One of the authors' twitter thread with the paper's summary: https://twitter.com/WesPegden/status/1288140129677332482
There are many problems with the GBD, but the simplest is that we don't know who the high-risk groups are. Yes, we know age and certain categories of pre-existing condition make for higher risk of death. But we also know that perfectly healthy young people end up with strokes, heart damage, and lung damage, and we're not really sure why. We don't know why some people end up with debilitating symptoms months after infection.
We don't even know if herd immunity is actually possible, or if we'd be committing ourselves to years of intermittent lockdown controls as local outbreaks come and go.
This paper is a similar (if slightly more mathematically detailed) approach, and is more recent: https://www.pnas.org/content/early/2020/09/21/2008087117. It comes to the opposite conclusion. What they find is that while it's technically possible to achieve herd immunity this way, it's logistically unfeasible. It needs monitoring, compliance, and reactiveness that we demonstrably can't (or won't) implement - if we could, we wouldn't be in this mess.
Besides which, neither this paper nor that supports any idea that these three are "leading experts". As far as I can see they're vocal and have a history of being proved wrong by events.
We absolutely do. We have such a wealth of data and the signal is very strong.
> That paper doesn't consider reinfection risk or non-fatal outcomes.
That's because reinfection is extremely rare and risk for non-fatal outcomes is typical of other influenza like illnesses. An interesting note is that many / most people have some sort of cross-protection through T-cell immunity (likely from other coronaviruses).
> We don't even know if herd immunity is actually possible
Yes we do. Pretty much every disease tails off. The only debate right now is where this threshold is at for various jurisdictions. It is likely as low as 20%. The 60% number quoted early in the pandemic was assuming homogenous population with equal susceptibility and perfect mixing.
> This paper is a similar (if slightly more mathematically detailed) approach, and is more recent: https://www.pnas.org/content/early/2020/09/21/2008087117. It comes to the opposite conclusion. What they find is that while it's technically possible to achieve herd immunity this way, it's logistically unfeasible.
All models are wrong but some are useful. If this model cannot explain real data from cities and countries (eg: stockholm, UK locales) then it is relatively useless.
We know who is likely to die. We do not know who is at risk of a life-long debilitating illness.
> That's because reinfection is extremely rare
We don't know this. What we know is that reinfection with a different strain is rarely detected, and that's a long way from the same thing.
> risk for non-fatal outcomes is typical of other influenza like illnesses
This is false.
> An interesting note is that many / most people have some sort of cross-protection through T-cell immunity (likely from other coronaviruses).

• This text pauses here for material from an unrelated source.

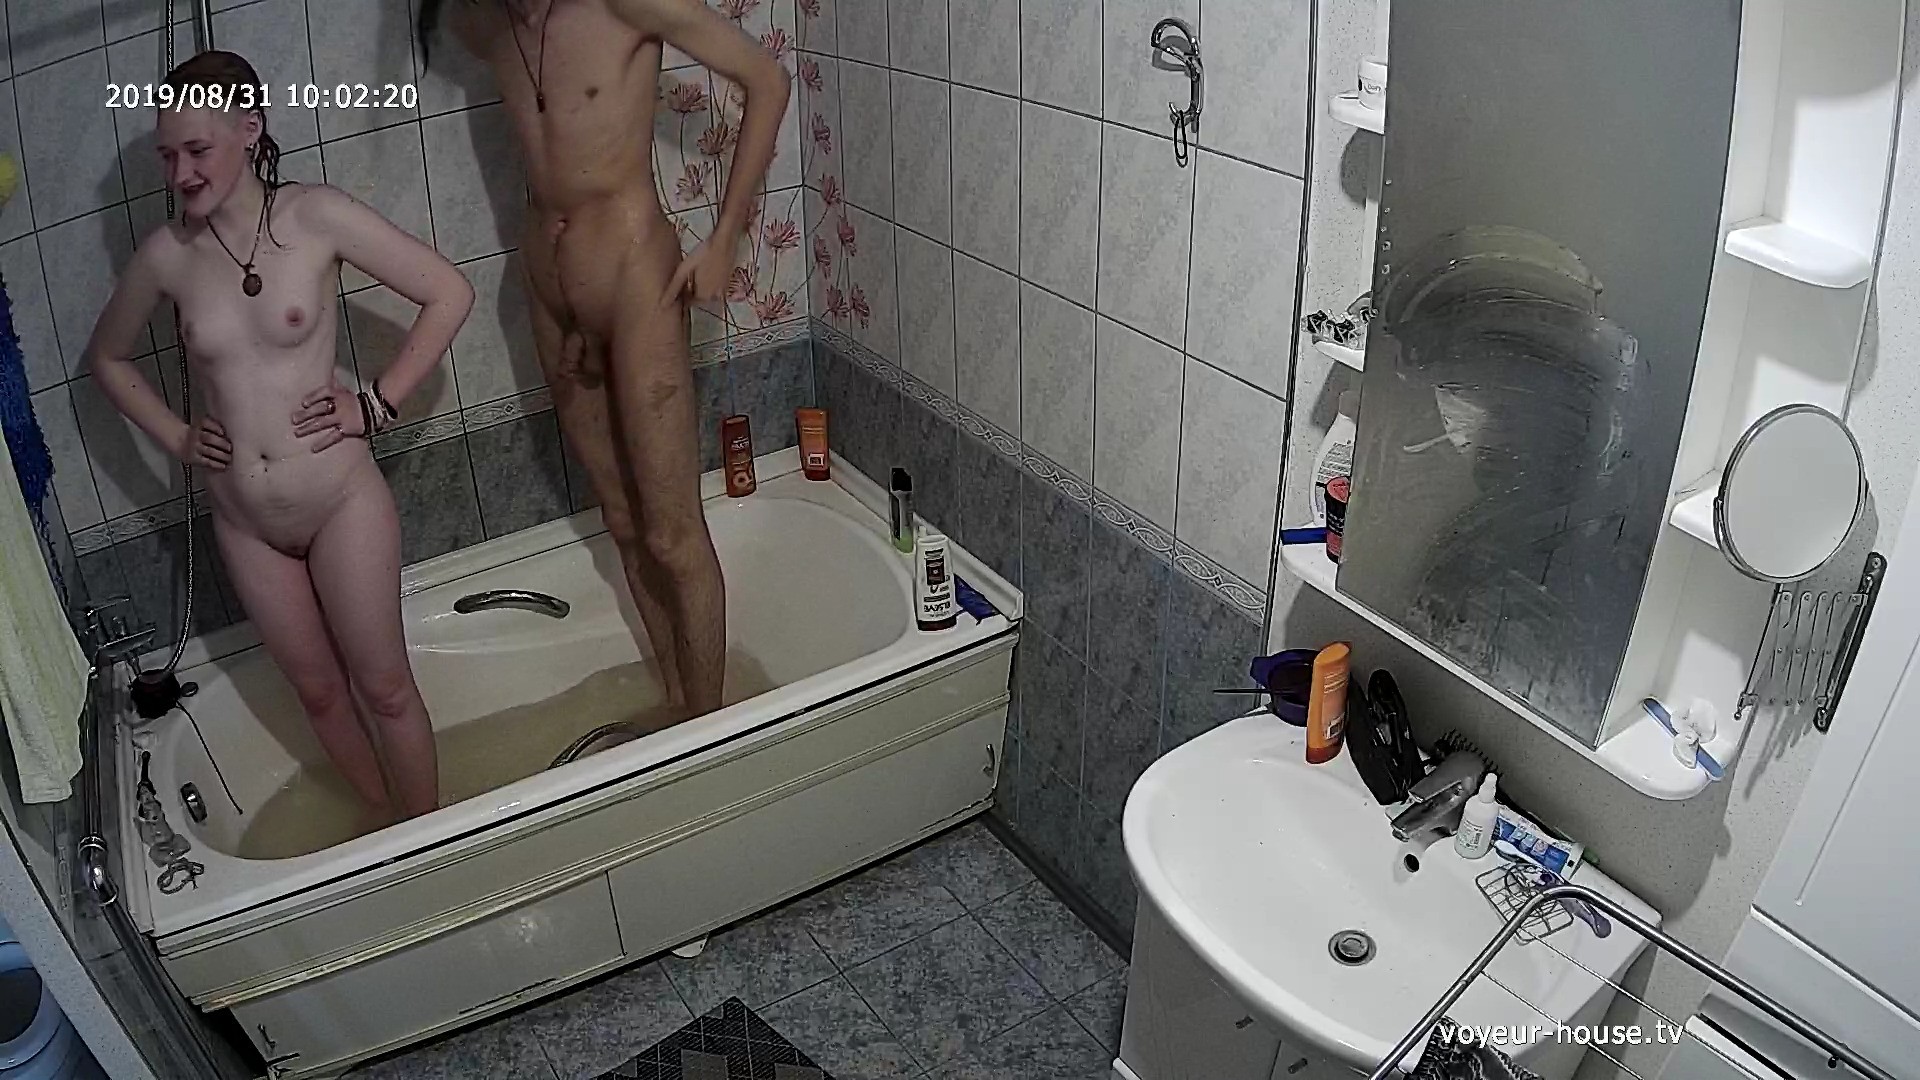 Nudist Bathroom Voyeur - Watch Naked people Guest Couple Bath Fun 31 Aug 2019 | Naked people with  Tonk in Bedroom | The biggest Voyeur Videos gallery

At best this is optimistic. We know some (less than half) have a T-cell response. We don't know yet if that response is beneficial, harmful, or has no effect at all. It would be premature to start any sort of public health intervention founded on this assumption.

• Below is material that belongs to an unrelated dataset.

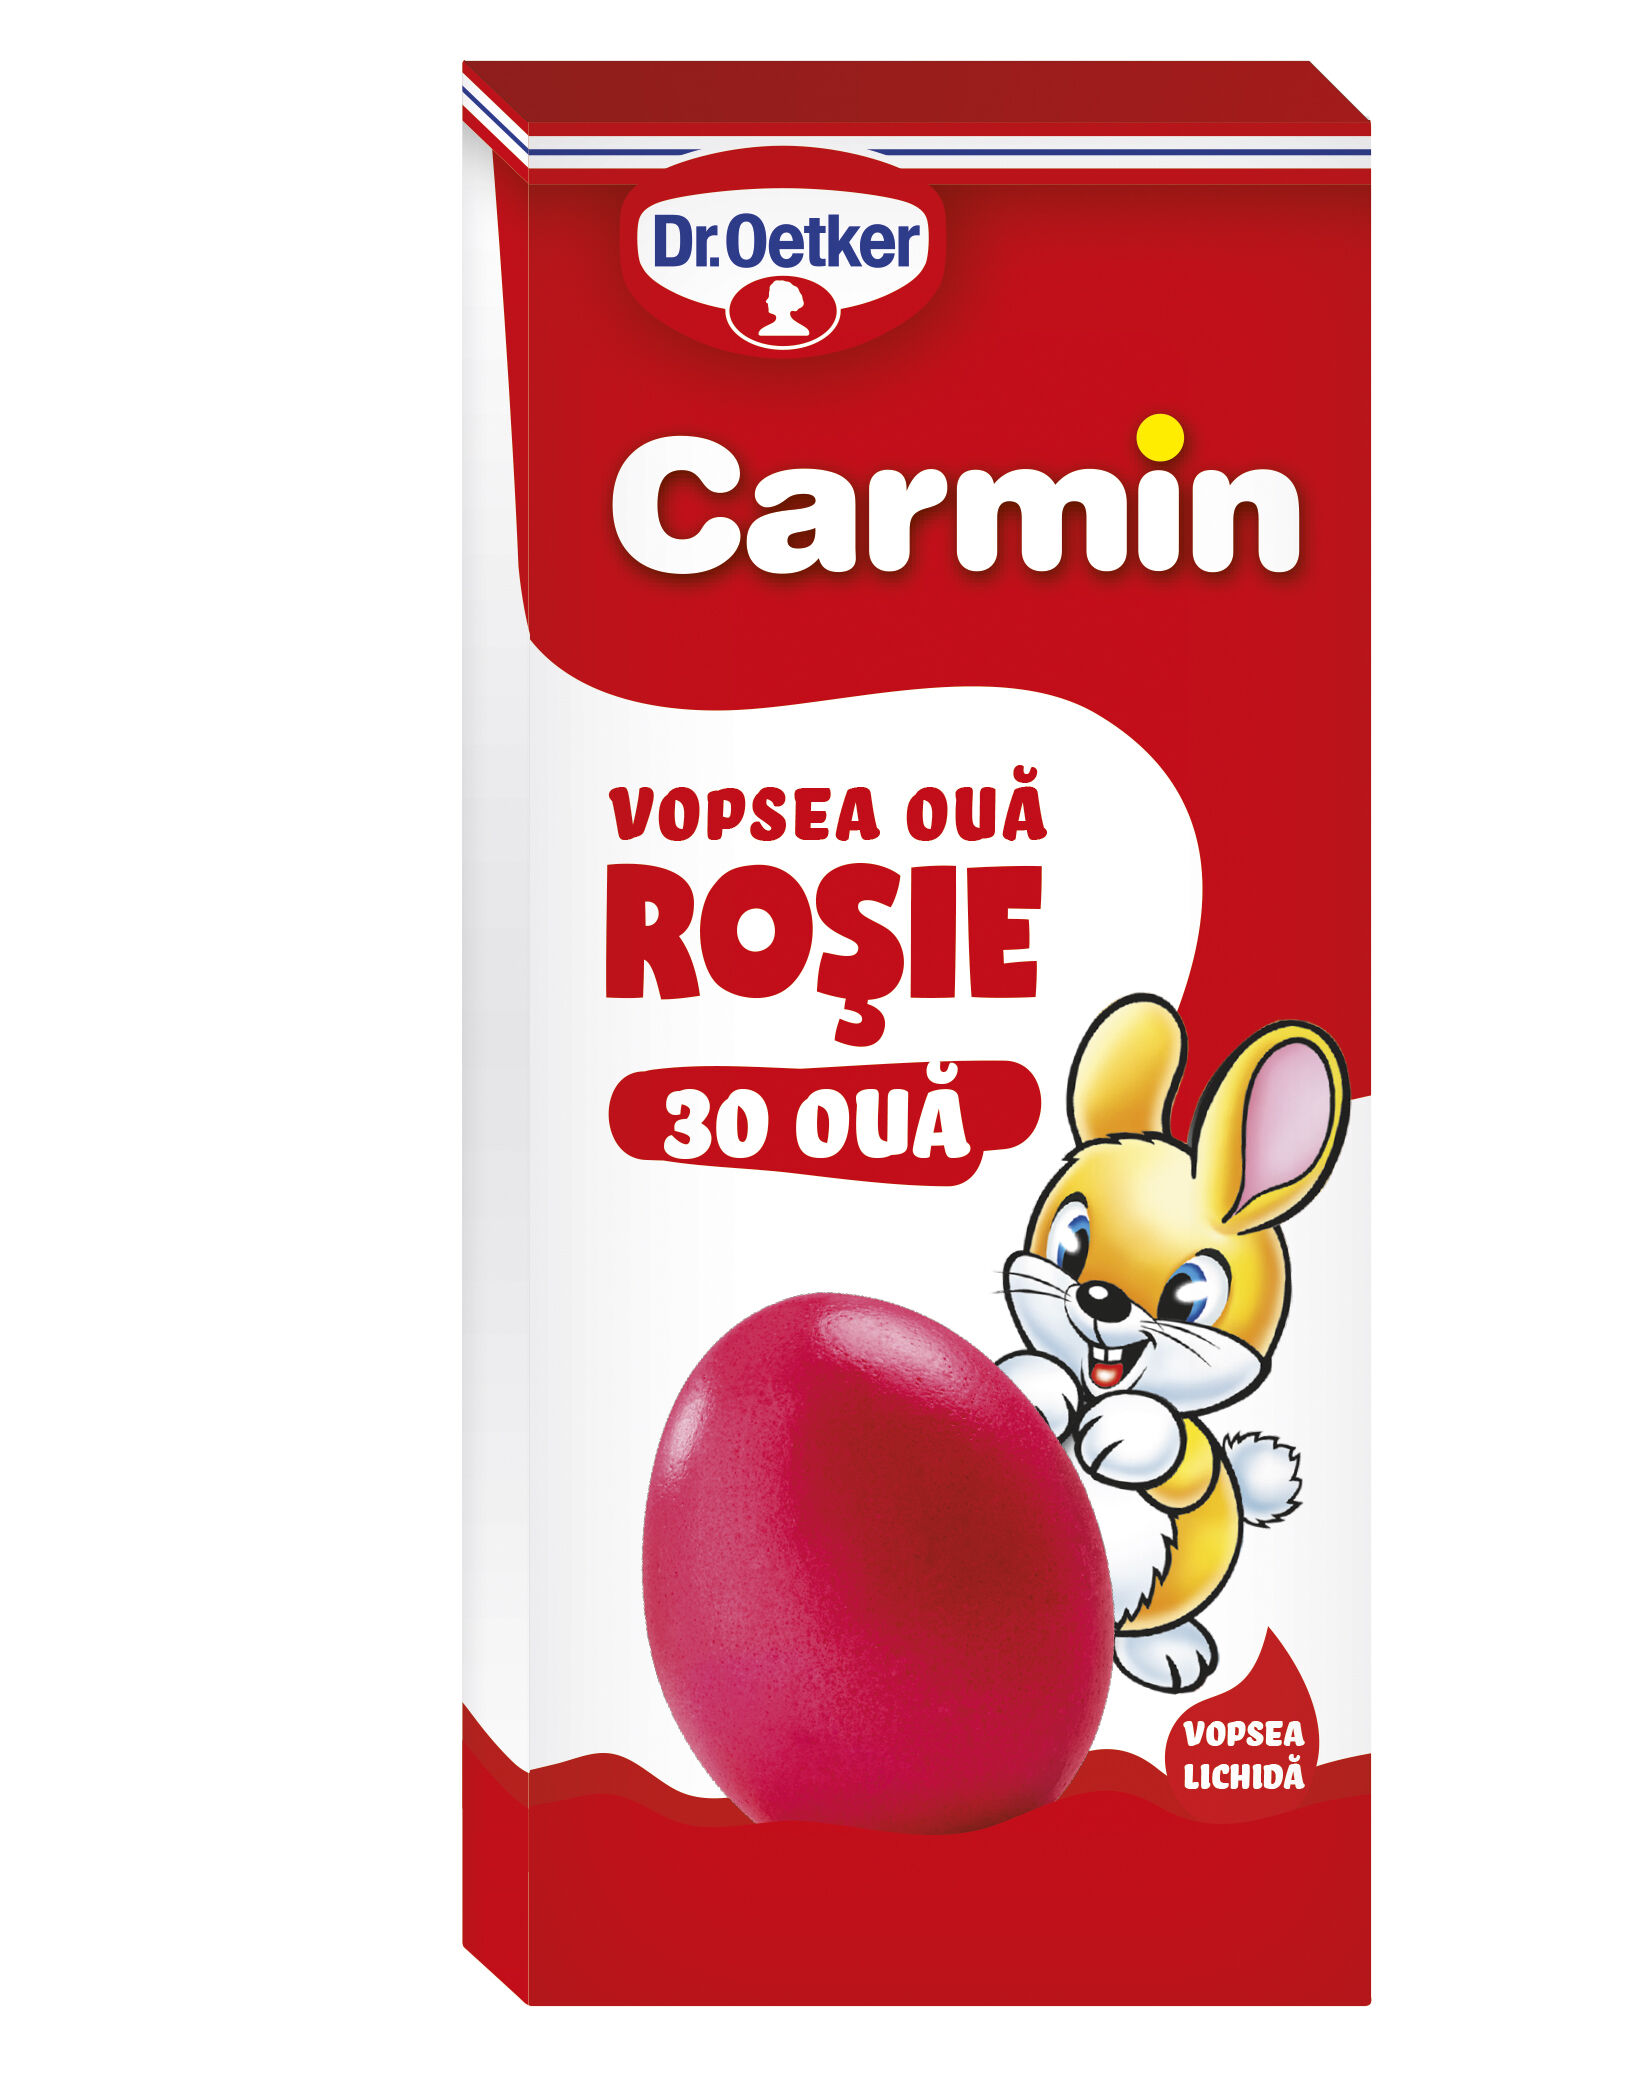 Vopsea lichida rosu Carmin pentru 30 oua

> Yes we do. Pretty much every disease tails off.
This strongly depends on the reinfection rate. Which we don't know.
> The only debate right now is where this threshold is at for various jurisdictions. It is likely as low as 20%.
This is false. To get anywhere near 20% you need to know the effect of the T-cell response, or have some other mechanism for discounting a large portion of the population.

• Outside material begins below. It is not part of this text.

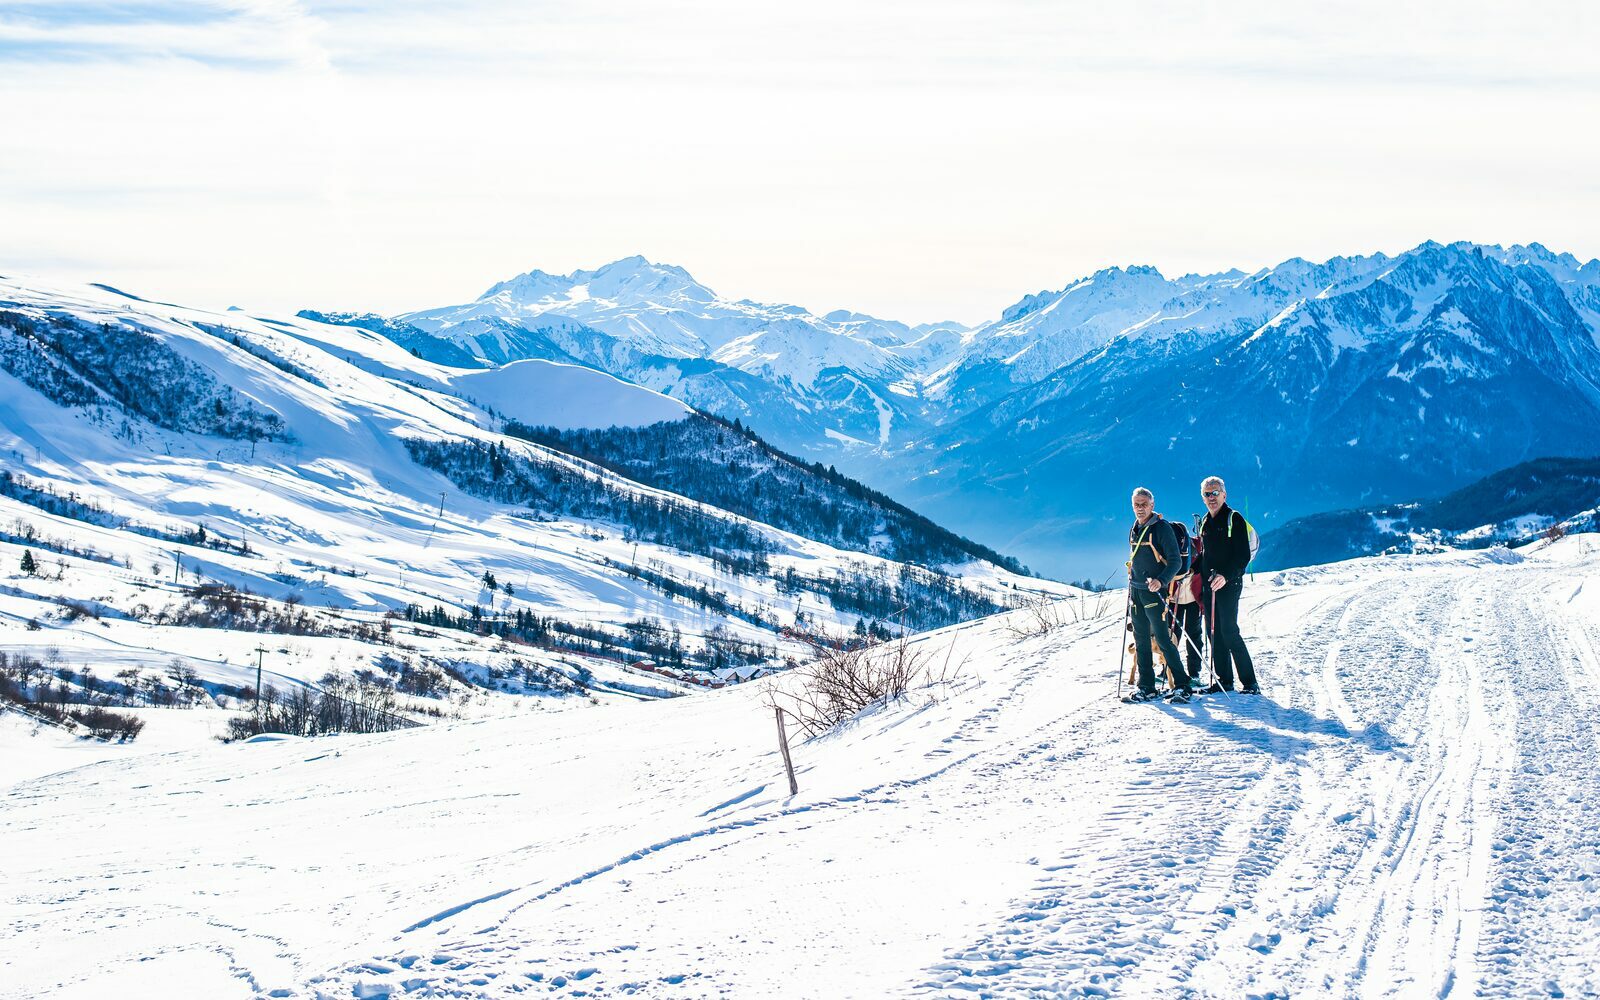 Wandern, Spazierengehen oder Skilanglauf in den Alpen

> All models are wrong but some are useful. If this model cannot explain real data from cities and countries (eg: stockholm, UK locales) then it is relatively useless.
Have you read either of them? Both models in this thread are predictive models of situations that haven't happened yet. Both use real data (from the US and the UK). Neither can describe reality, so do we throw them both out? That leaves the GBD lot with no epidemiological support at all, which would make my point rather concisely.
We simply don't have enough information to know whether the GBD proposal is safe or, even if it was, whether it could be implemented, and it's all the more suspicious because its three proponents have been making very similar arguments against general lockdown since at least April, when we knew dramatically less. They do not seem to have changed their stances based on new information, which moves the GBD out of science and into politics. Only they're leaning on their academic credentials to lend it airs of legitimacy it can't back up, which makes it complete, utter bullshit that nobody should pay any attention to. It's preying on desperation and optimism to deepen social division and reinforce political hysteria at the worst possible time. No credible health authority is paying any attention to it, nor should they. Please don't bring that sort of content to HN.